TRY IT: Find the line with "Federico De Leonardis, Comunicato" in the records below. Output exactly from there until after the line with "Creatina Black 300gr", without pictures.

INPUT MATERIAL:
####################

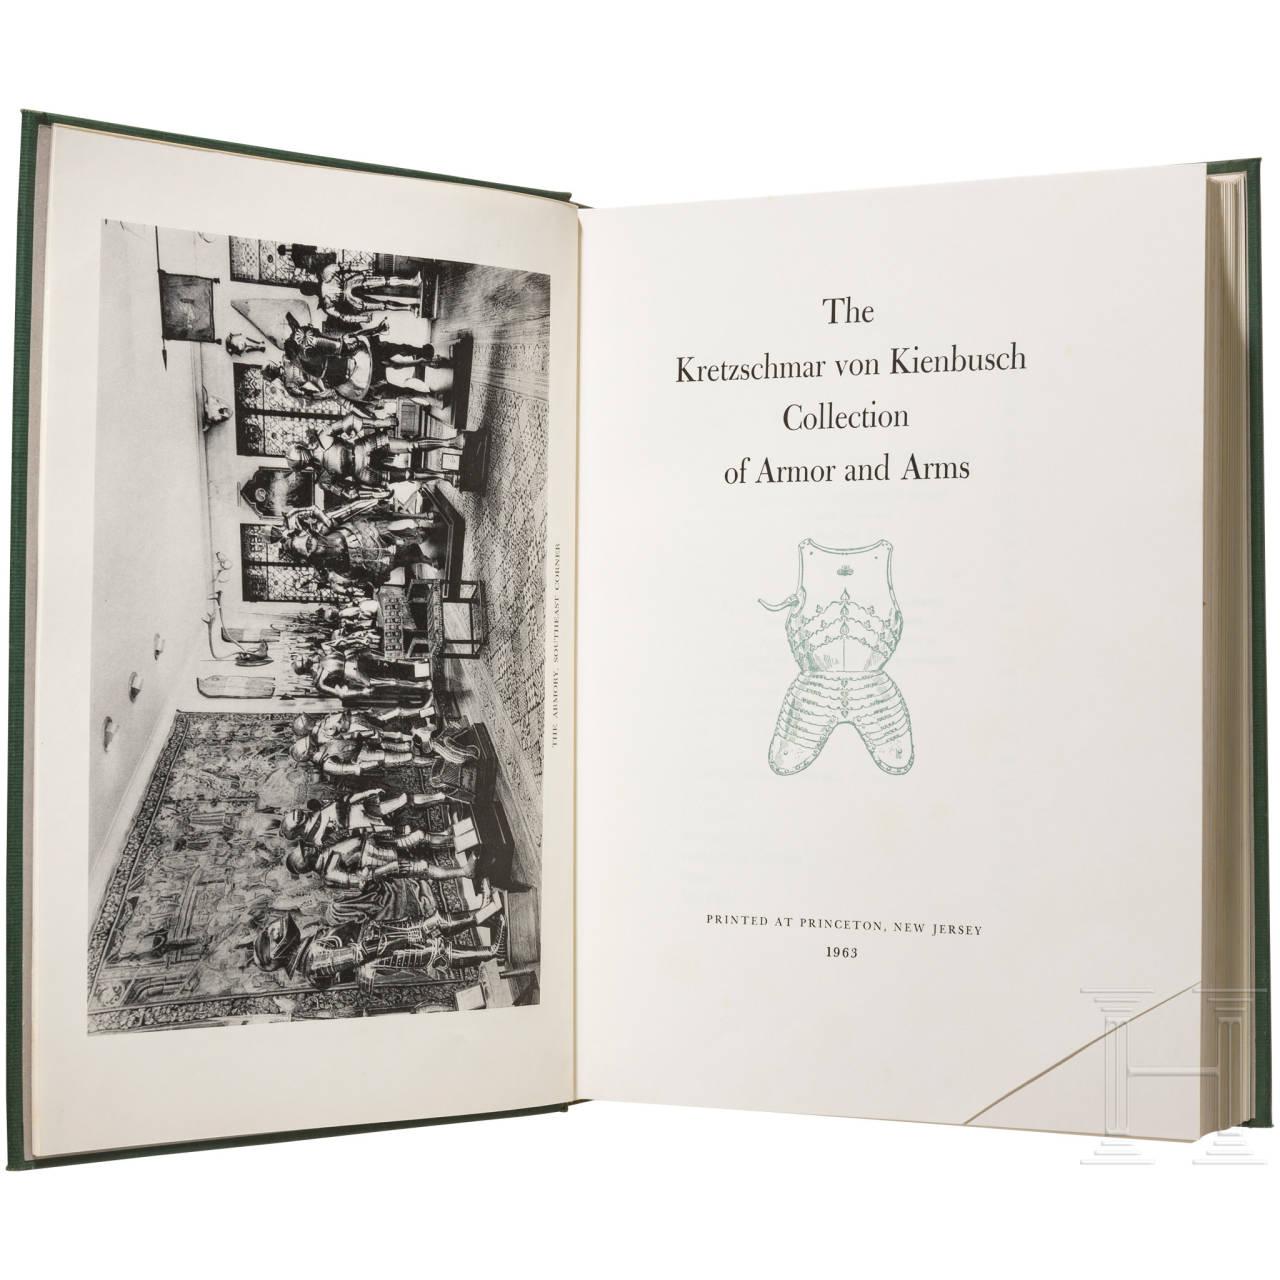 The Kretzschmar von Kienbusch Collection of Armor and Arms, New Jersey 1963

####################

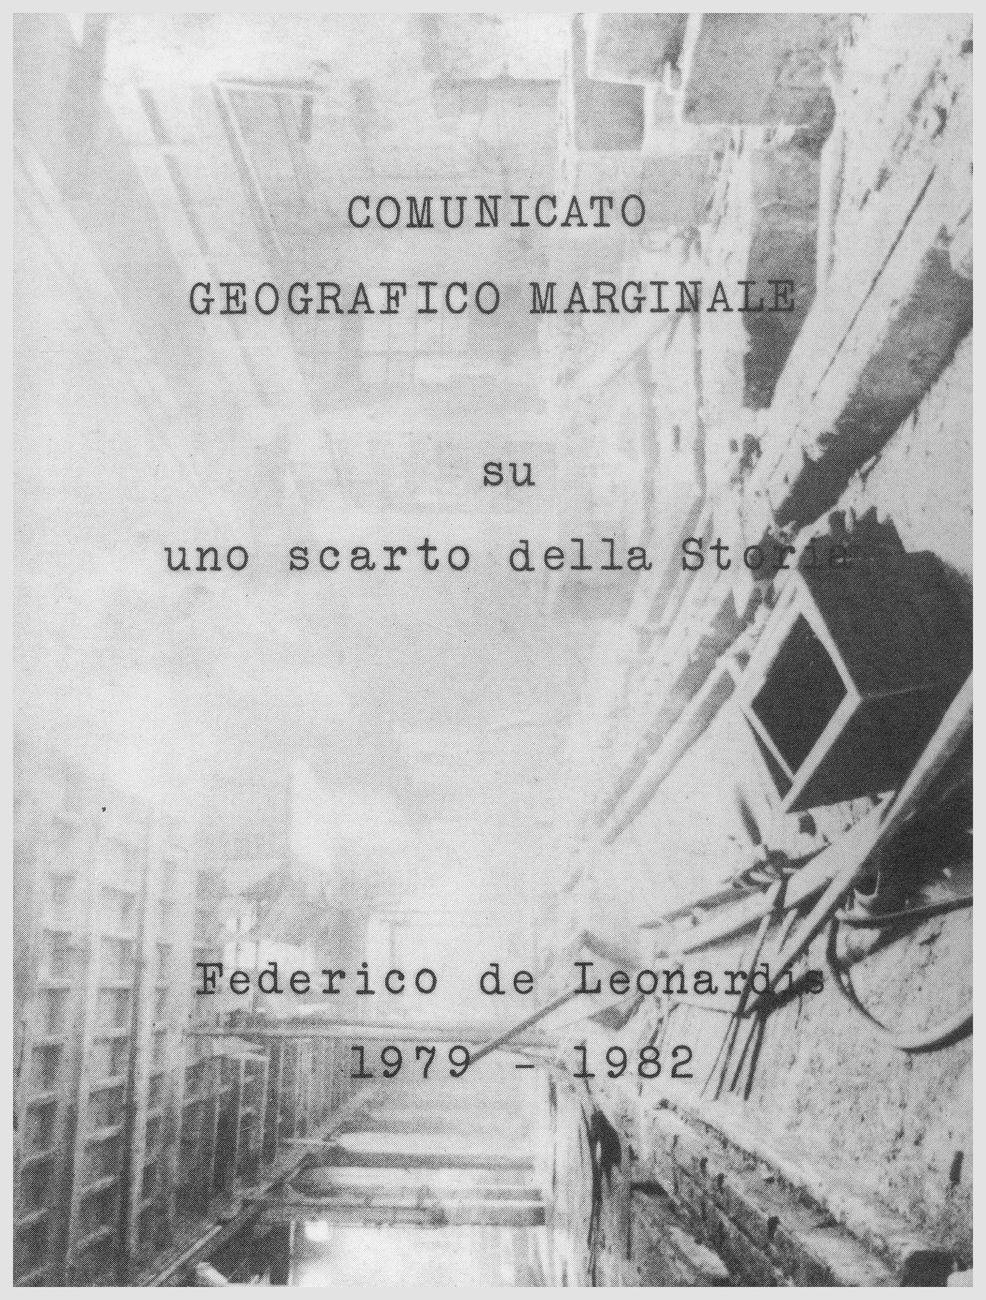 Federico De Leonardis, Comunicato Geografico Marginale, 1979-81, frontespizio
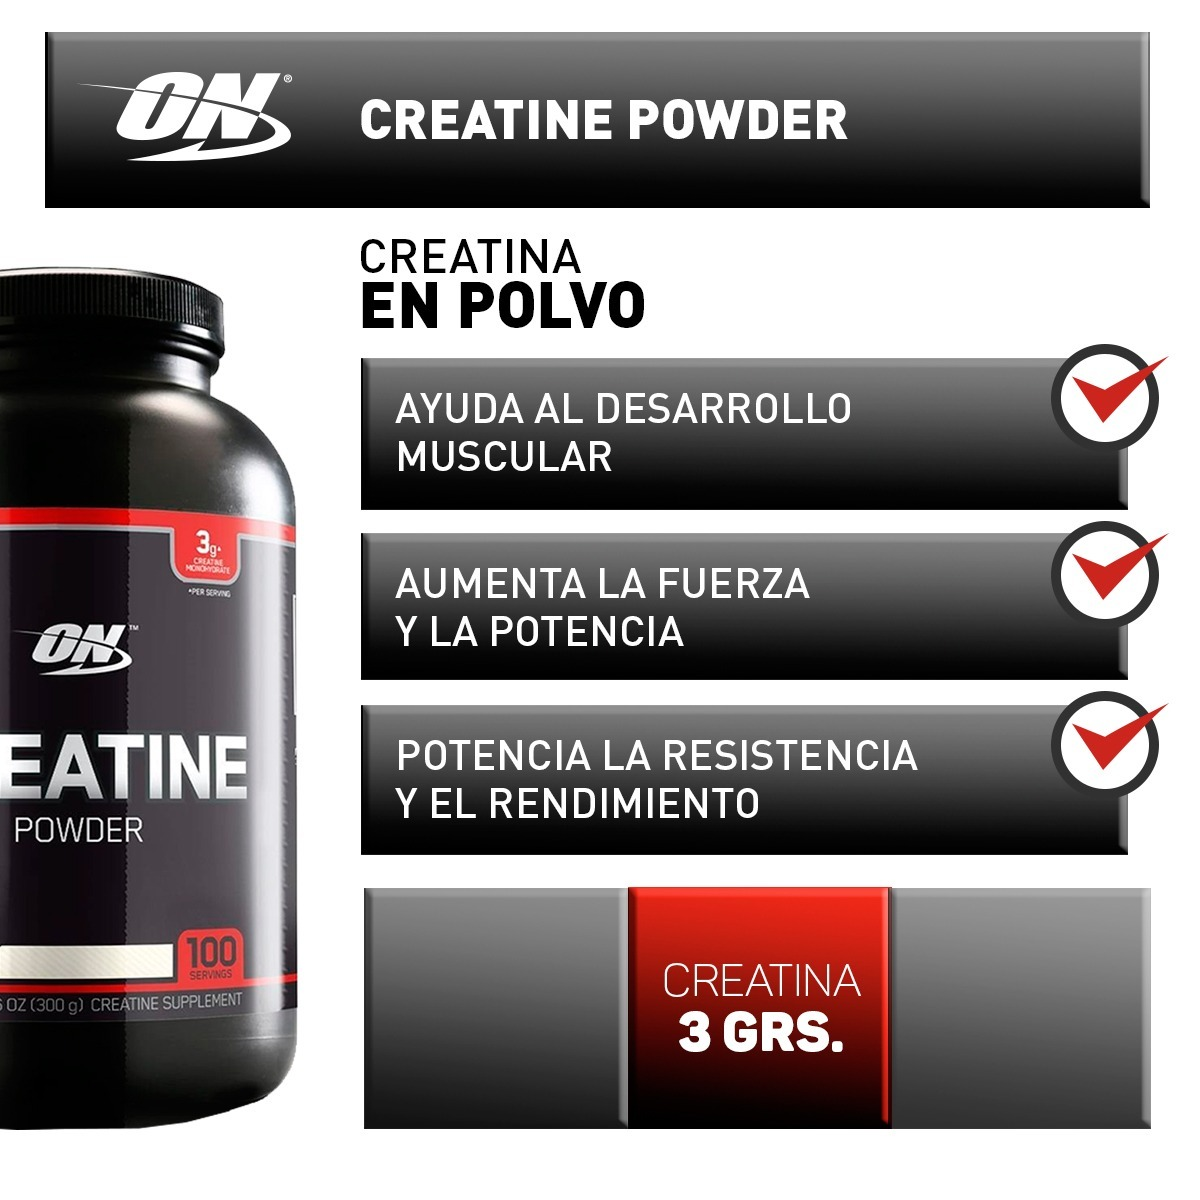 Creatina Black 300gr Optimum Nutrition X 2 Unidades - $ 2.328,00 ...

####################

WRITTEN ANSWER:
 Federico De Leonardis, Comunicato Geografico Marginale, 1979-81, frontespizio
 Creatina Black 300gr Optimum Nutrition X 2 Unidades - $ 2.328,00 ...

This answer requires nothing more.